Comment 9 PJ Fanning 2022-02-25 17:27:30 UTC
PS most of the time, when you read the xlsx files, you don't need to evaluate the formulas - xlsx files have the evaluated values cached in the sheet data - and POI can read those cached results
Comment 10 xican.yang 2022-02-25 17:31:37 UTC
(In reply to PJ Fanning from comment #9)
> PS most of the time, when you read the xlsx files, you don't need to
> evaluate the formulas - xlsx files have the evaluated values cached in the
> sheet data - and POI can read those cached results

Thanks, that's good to know. I'll do this as a workaround.
Comment 11 xican.yang 2022-02-25 17:32:46 UTC
(In reply to PJ Fanning from comment #8)
> POI is a volunteer project - if you feel strongly about this then feel free
> to submit a patch and someone will review it. My feeling is that POI will
> never be able to get 100% coverage of Excel function behaviour without a
> serious uptick in code contributions from the user community.

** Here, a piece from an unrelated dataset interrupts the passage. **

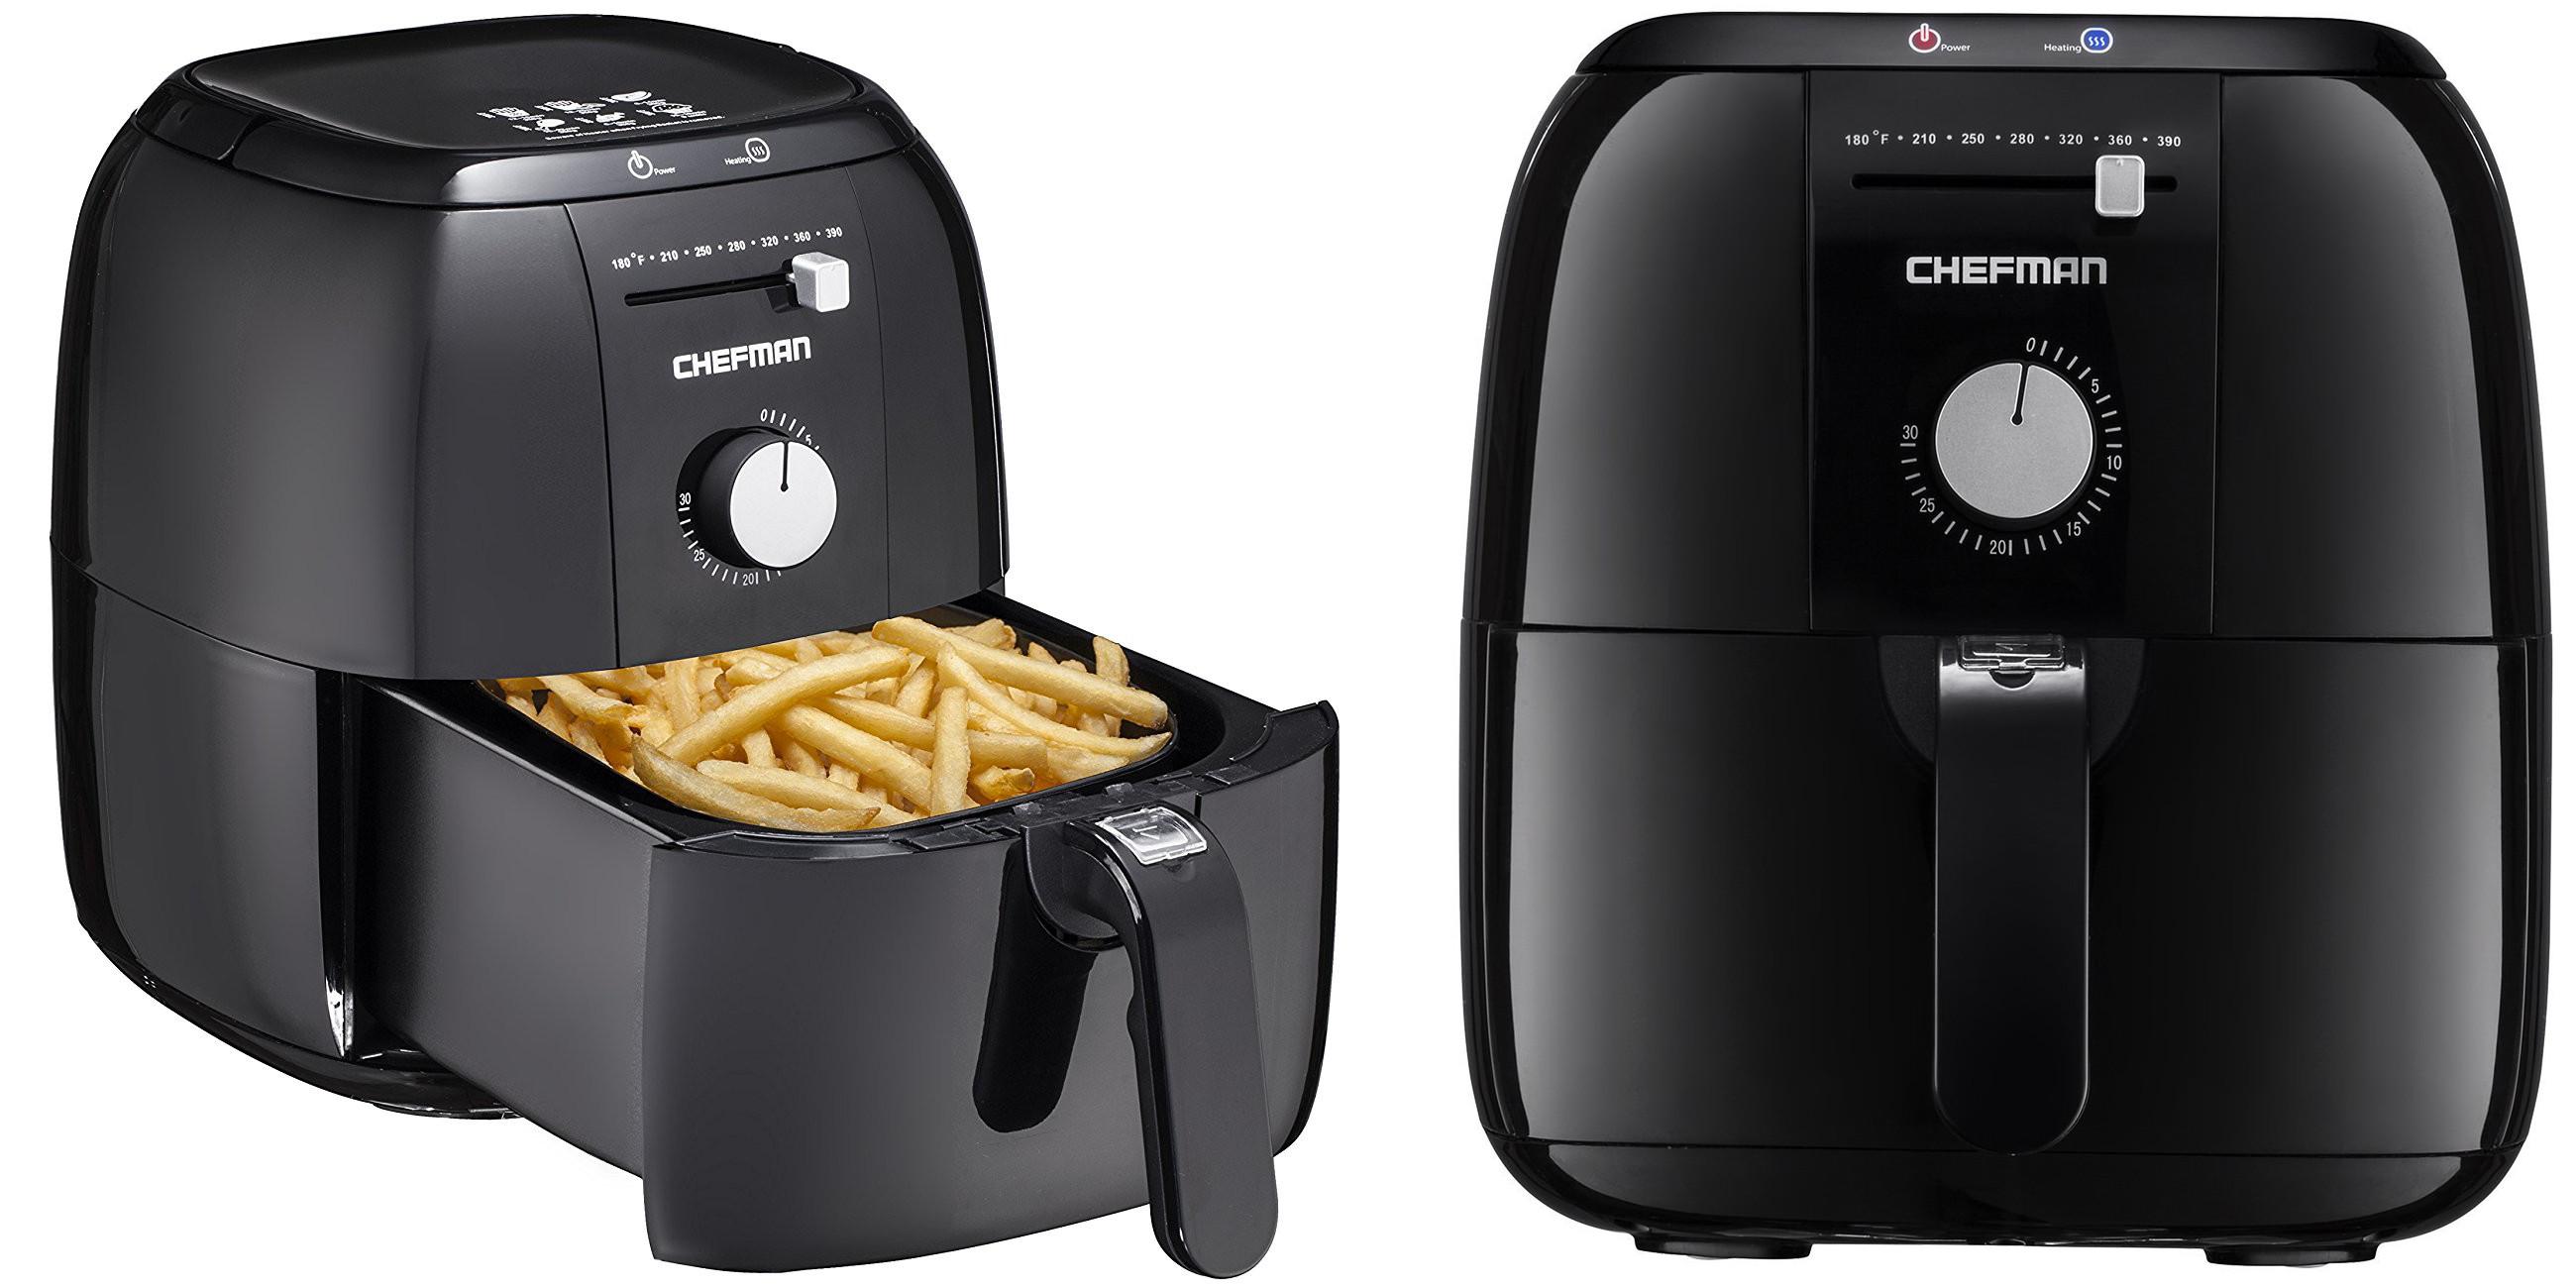 chefman-rj38-express-air-fryer-with-rapid-hot-air-technology-4
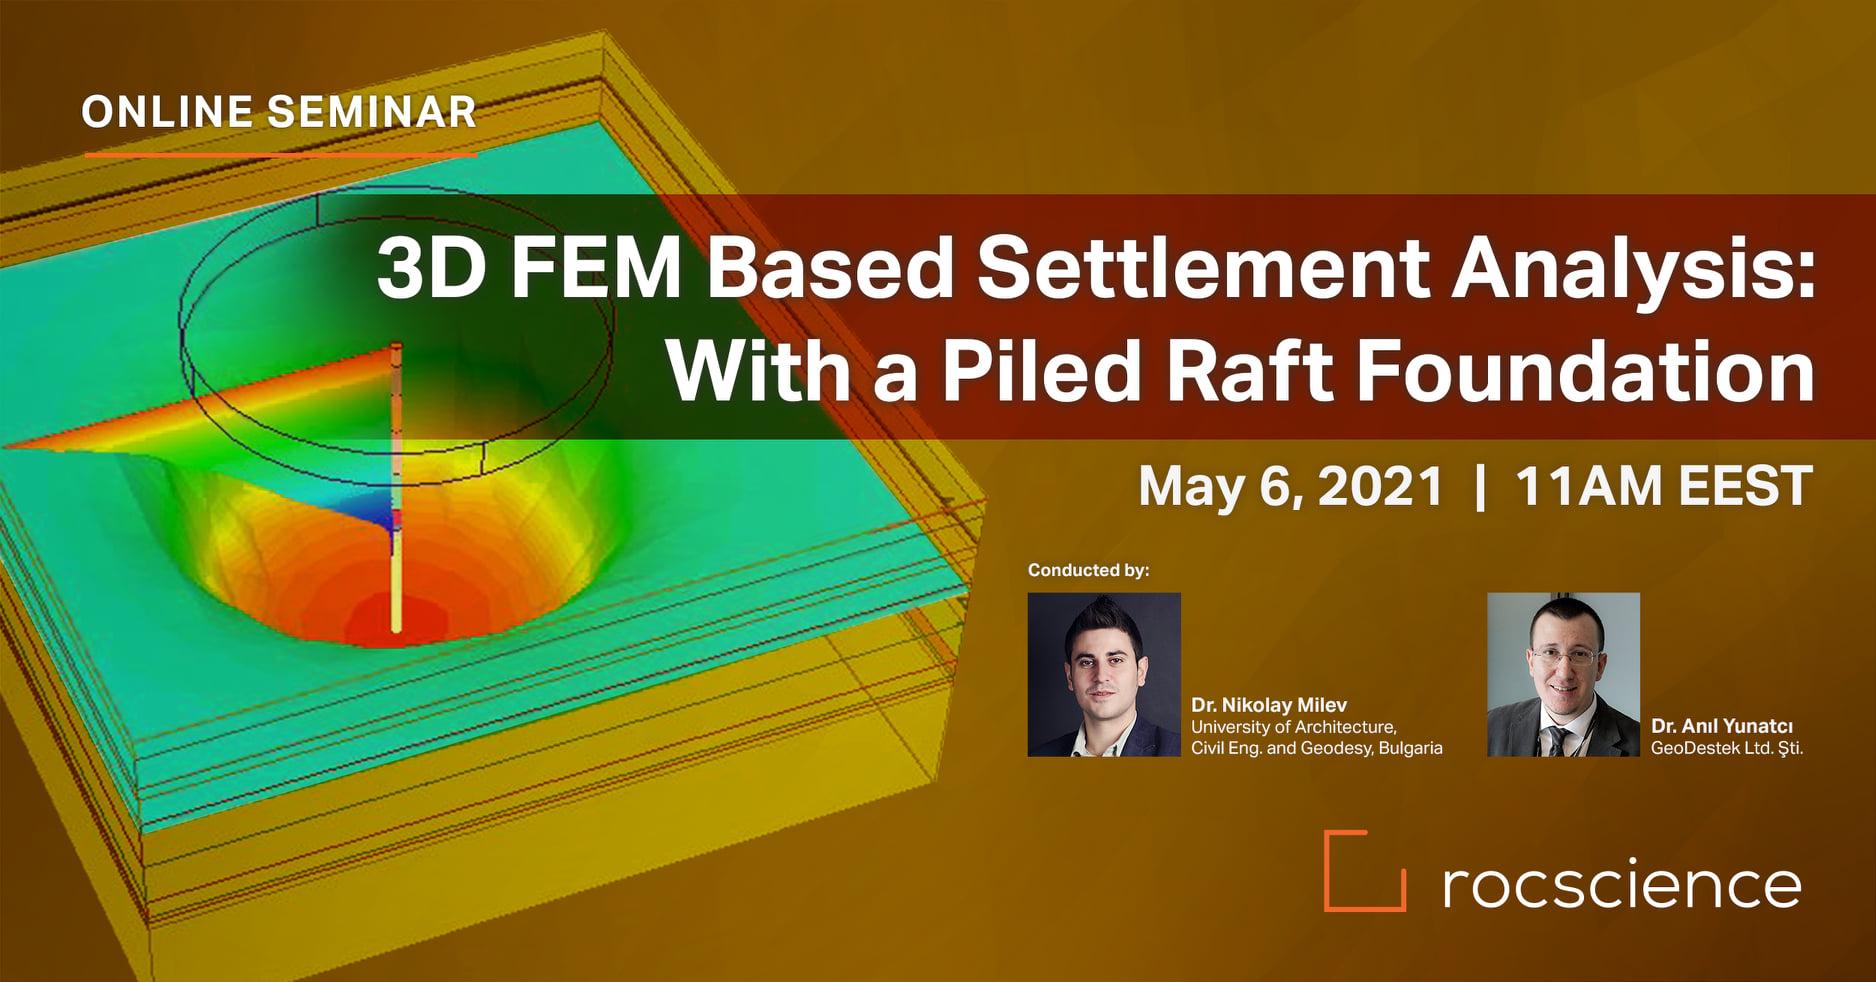 Rocscience Online Seminar - 3D FEM Based Settlement Analysis: Piled Raft Foundation (May 6th, 2021)

Understood. I tried to fix this on my own, but I'm having some difficulty understand the code block around array formulas. Thus I'm wondering if someone has better context here.
Comment 12 PJ Fanning 2022-02-25 18:26:16 UTC
I've added a possible fix - r1898421 - if it doesn't help, I will need to revert it
Comment 13 xican.yang 2022-02-25 18:30:03 UTC
(In reply to PJ Fanning from comment #12)
> I've added a possible fix - r1898421 - if it doesn't help, I will need to
> revert it

Thanks, that revision only works if OR/AND has 1 or 2 arguments. In reality, it could be more than that, e.g., 

```
INDEX({1},1,IF(OR(FALSE,FALSE,FALSE),1,1))
```

I'd recommend reverting it in favor of more proper fix.
Comment 14 xican.yang 2022-02-25 19:07:09 UTC
Just thinking aloud, for BooleanFunction, can evaluateArray just call evaluate?

I don't understand how OR(FALSE, FALSE, FALSE) is different in the context of array vs non-array.
Comment 15 PJ Fanning 2022-02-25 19:14:16 UTC
I'm not spending more time on this. I'm working on other stuff.
Comment 16 PJ Fanning 2022-02-25 19:20:03 UTC
I added r1898425 as one last change - as I said earlier I'm a volunteer and I don't want to spend time fixing stuff for other users. They can fix their own issues.
Comment 17 xican.yang 2022-02-25 19:22:39 UTC
(In reply to PJ Fanning from comment #16)
> I added r1898425 as one last change - as I said earlier I'm a volunteer and
> I don't want to spend time fixing stuff for other users. They can fix their
> own issues.

Appreciate your help!
Comment 18 PJ Fanning 2022-02-25 19:27:31 UTC
We are in the middle of a v5.2.1 release - these changes will not be in that release unless we run into a bigger problem that blocks the existing RC and that forces us to build a new RC. So likely that these changes won't appear until the v5.2.2 release (we typically only do 1 or 2 releases a year).